Adopt a Declawed Cat!

If you are thinking of adopting a new kitten/cat and have zero tolerance for scratching, it might be best to consider adopting an already declawed cat. Visit a local shelter and you are sure to find at least one cat who has already been declawed and in need of a good home.
If you’ve tried out the alternatives but still find your cat’s scratching difficult to manage, you may decide to go ahead with the declaw surgery.


The Declaw Procedure/After Care

This surgery usually involves the removal of the entire third digit, the bone in which the nail grows from. This procedure will provide a o% chance of the nail growing back.

Once the surgery is complete you can expect your cat to stay in the clinic for 2 nights. The first night your cat will usually have bandages placed on the paws, they can then be remove; the paws will be carefully monitored for bleeding by the veterinary staff.

When your cat does return home there may be a bit of blood spotting from the paws, this can be normal in small quantities; you need to contact your vet if it is continuous or excessive.

Another problem that you will need to look out for is infection of the surgical site. Signs of infection after a declaw surgery, include:  pain, limping, loss of appetite, possible fever and lethargy. If you notice these signs, make sure you call your vet or bring them into the clinic as soon as possible.

Furthermore, you will need to be careful with the type of cat litter that you provide for your newly declawed cat. Shredded paper is a great substitute to use for the first 1.5 weeks or so. Litter pellets are also a good choice, as they are not dusty or able to enter the incisions and cause infection.
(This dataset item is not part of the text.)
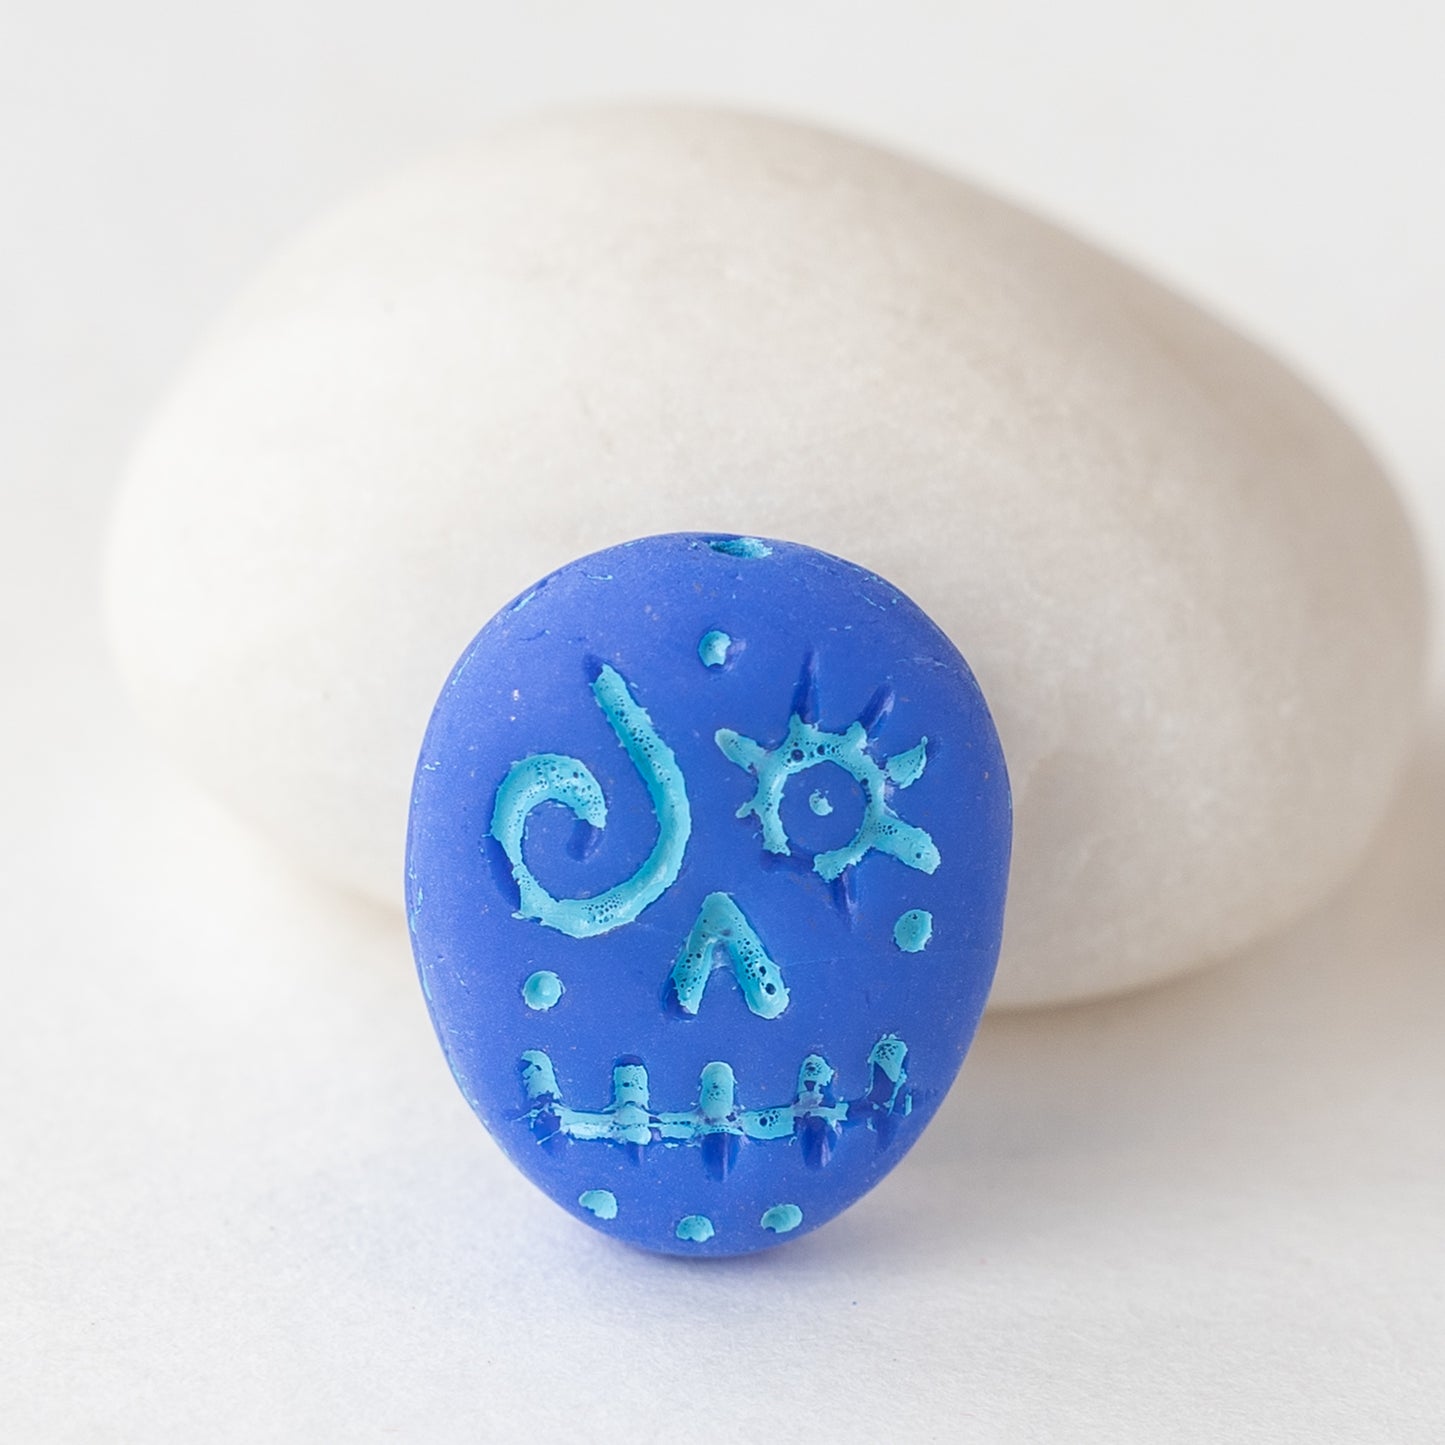 Funny Face Beads - Blue on Blue - 6 Beads

Please also remember that since this is a surgery, your cat will also be sent home with some sort of pain medication for the first few days to make them a bit more comfortable. Many vets will use a patch which contains pain medications in it. This type of pain medication provides relief 24/7 and without the extra hassle of pilling!


If your loveable feline companion’s favorite past time includes scratching your furniture, make sure you know your alternatives before deciding to declaw! Scratching is natural for cats, but can sometimes be curbed through training or other alternatives. If these alternatives just don’t seem to be working for you, be sure you fully understand the declaw process before proceeding.